Georgia appears to be even further away and is the last on the list after Türkiye, ‘a candidate in name only’. As Enlargement Commissioner Marta Kos puts it, Georgia received the harshest assessment ever issued in an enlargement report. The language is strong, yet Brussels still lacks a strategy or action plan on how to engage with the country. By disengaging with Georgia, which is already becoming visible now, the EU risks gifting a win to a government that has been seeking exactly that: freedom from Brussels’ demands while steering Georgia away from the European path.
Strict, fair, and merit-based?
The new enlargement package repeats the EU’s old mantra: accession must be strict, fair, and merit-based.
Central to the package is gradual integration, with tangible benefits before full membership. That includes full implementation of the agreements the EU already has with its candidate countries: ever deeper access to the single market, ‘roam-like-at-home’, inclusion in the Single European Payment Area, extension of the EU’s transport networks and energy community, and integration into industrial and digital value chains. Regional cooperation, with the Common Regional Market in the Western Balkans and through the new Black Sea strategy, strengthen these ties.
While making these tangible benefits a reality involves a lot of technical work, political will is what really drives progress. Ukraine and Moldova’s synchronisation with European electricity grid (ENTSO-E) and ‘solidarity lanes’ shows how fast things can materialise when there’s strong political will. Still, even if advancing faster, gradual integration remains a complement for full EU membership, not a substitute.
The EU’s own homework
The EU can’t preach reforms while delaying its own.

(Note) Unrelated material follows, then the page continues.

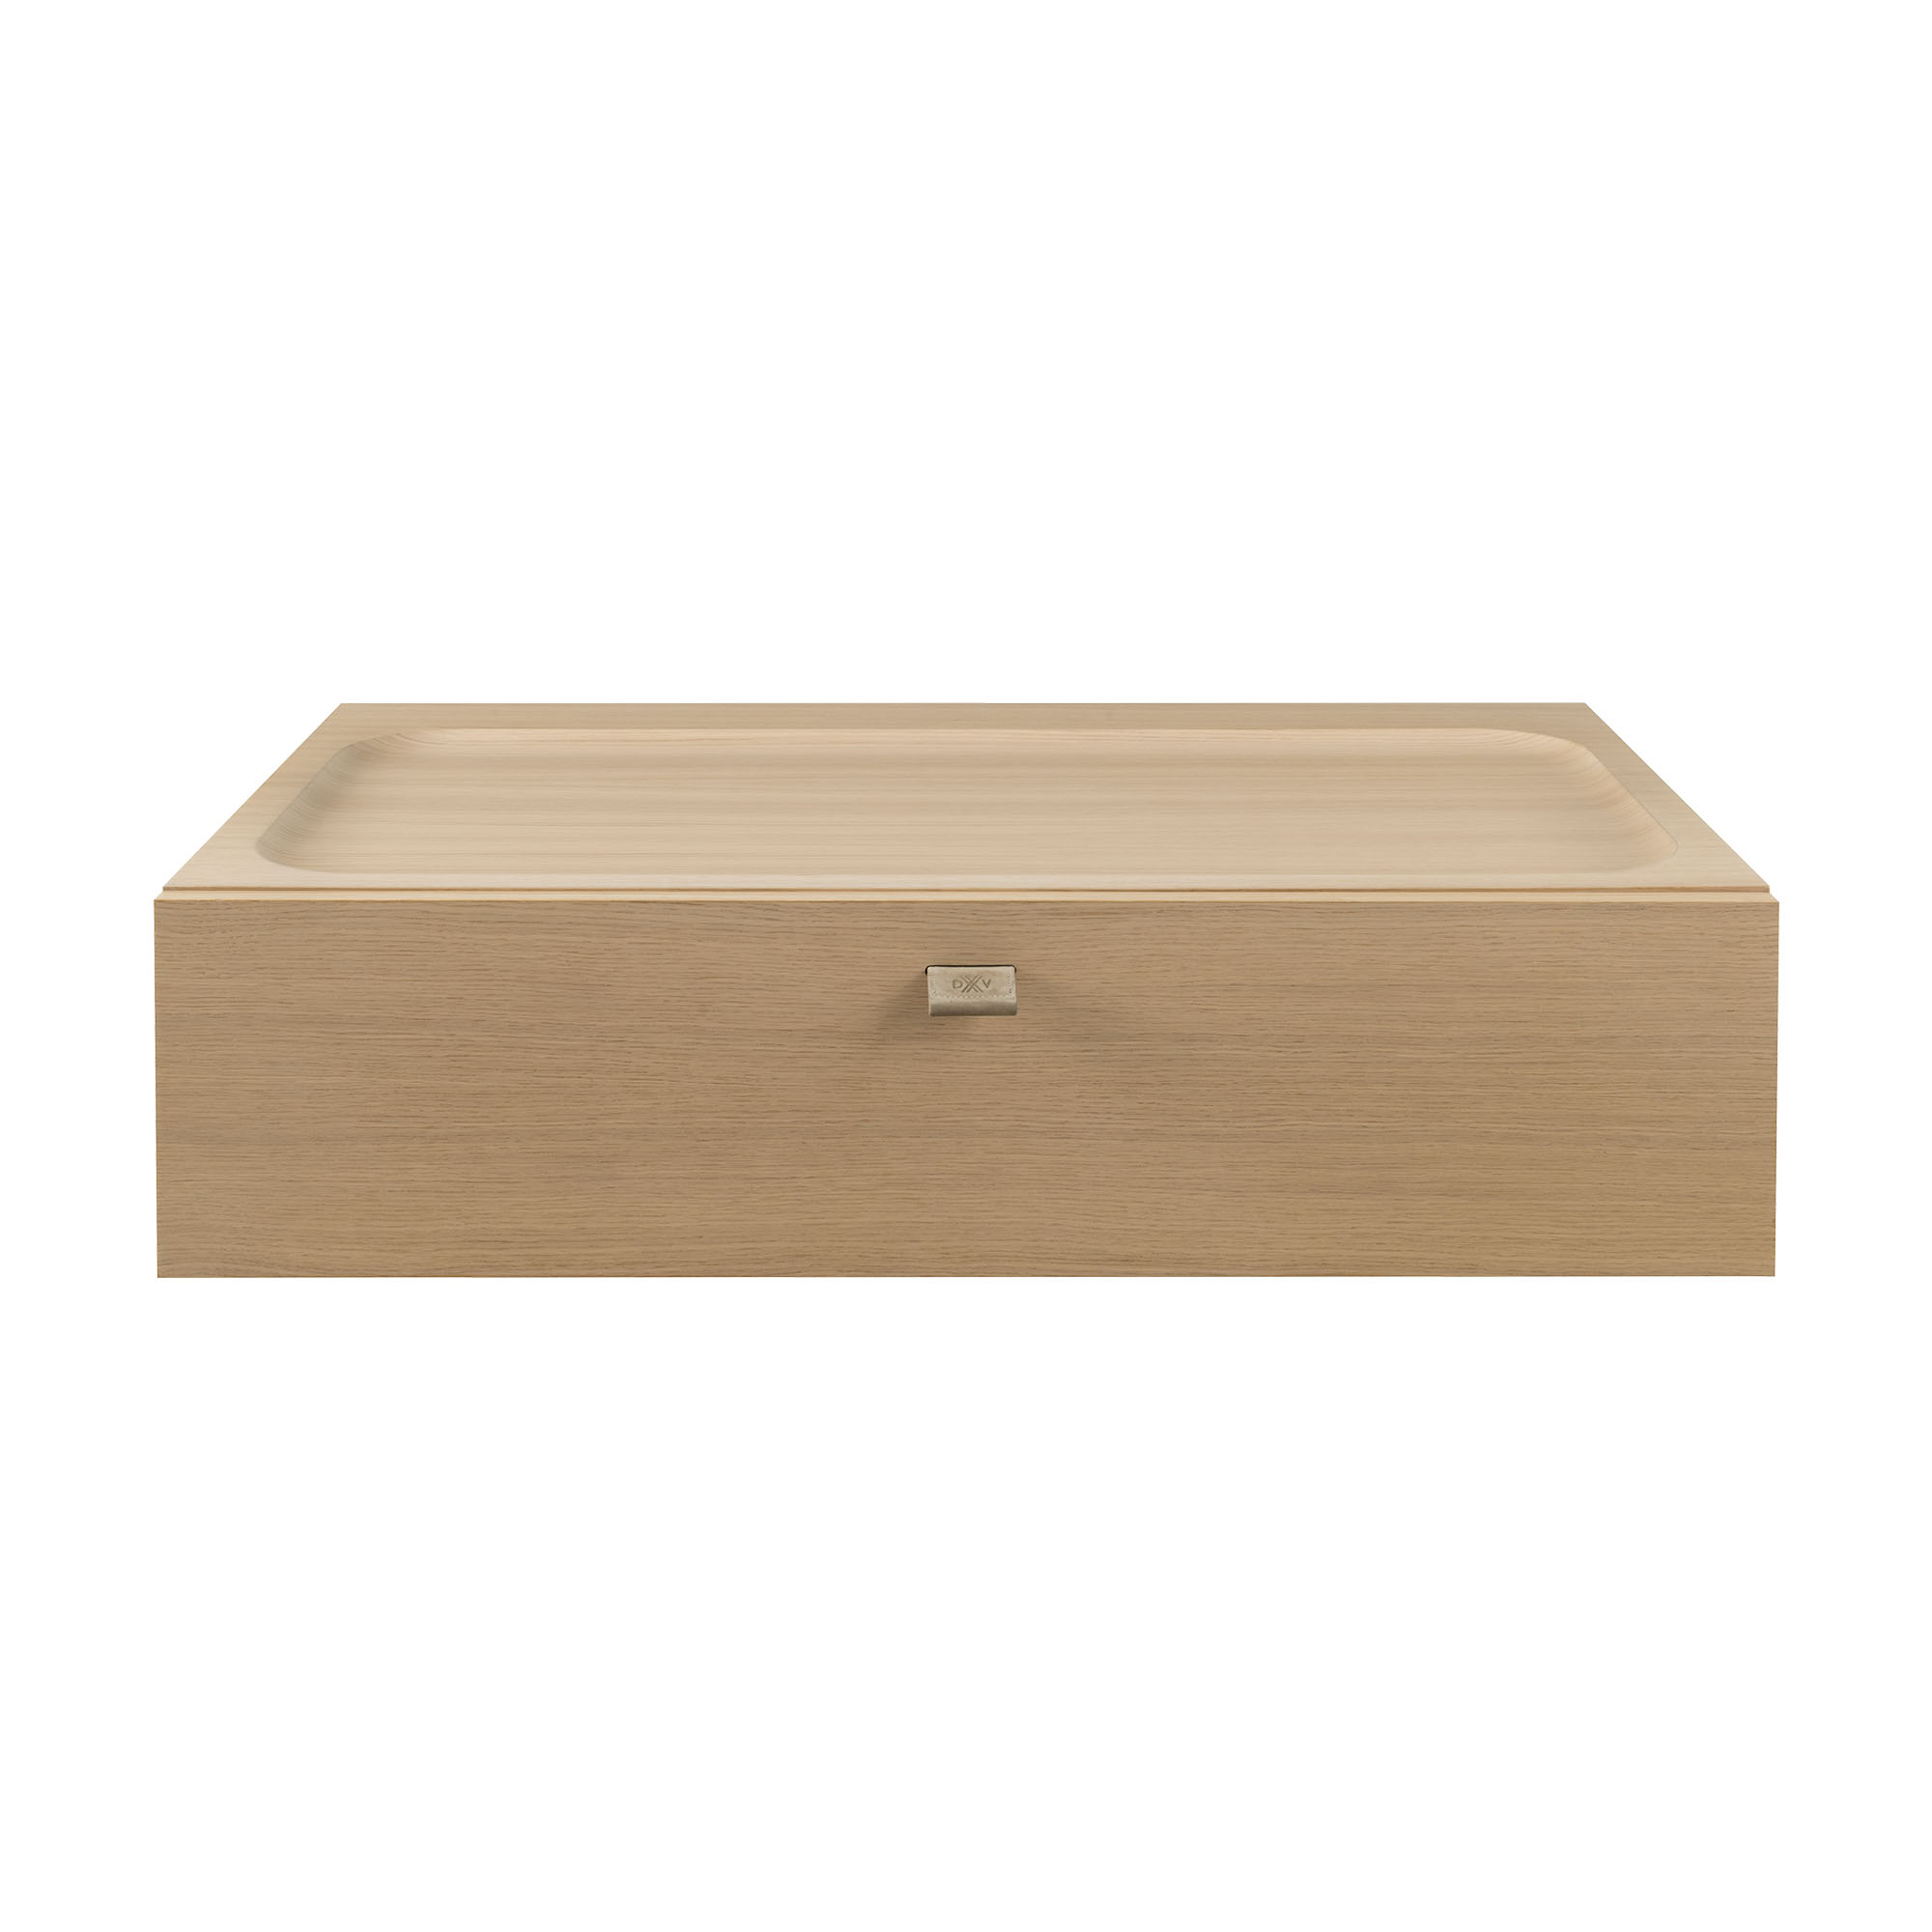 DXV Modulus 36 in. Wall-Mounted Drawer Unit

Institutional readiness, decision-making efficiency, and credible tools against democratic backsliding remain under slow-motion construction. This is why pre-enlargement policy reviews and work to anchor enlargement in the next Multiannual Financial Framework (2028–34) as a ‘geostrategic priority’, must be delivered as soon as possible.
The new package also hints at how the Commission intends to curb backsliding after accession by strengthening safeguards in accession treaties. That’s a pragmatic step, but it’s only meaningful if countries actually make it to the accession treaty stage in the first place.
However, the absence of any strategy for handling Member Sates vetoes remains a glaring gap in the new enlargement package. Hungary’s veto on Ukraine’s accession – and by extension on Moldova’s, as the two are coupled in the process – is only the latest example, and it’s hardly surprising after two decades of stalled Western Balkan files.
Kos has hinted at continuing technical work on chapters without formally opening them, but the package provides no real roadmap on how the process could avoid being frozen by a single veto. Without such a plan, frustration will only deepen in Kyiv, Chisinau, and across the Western Balkans.
EU’s credibility test
Underneath its technocratic language, the new package rightly frames enlargement as a ‘political priority and geopolitical investment’. The country reports provide a fair and comprehensive overview of the progress, or lack thereof, made by the EU’s hopefuls. What’s missing is the procedural backbone to match the ambition: a roadmap for navigating vetoes, and parallel EU reforms for bolstering absorption capacity and guarding against democratic backsliding after accession.
Until Brussels proves it’s up to the task, the credibility of enlargement – and Europe’s ability to turn strategy into security – will remain at risk.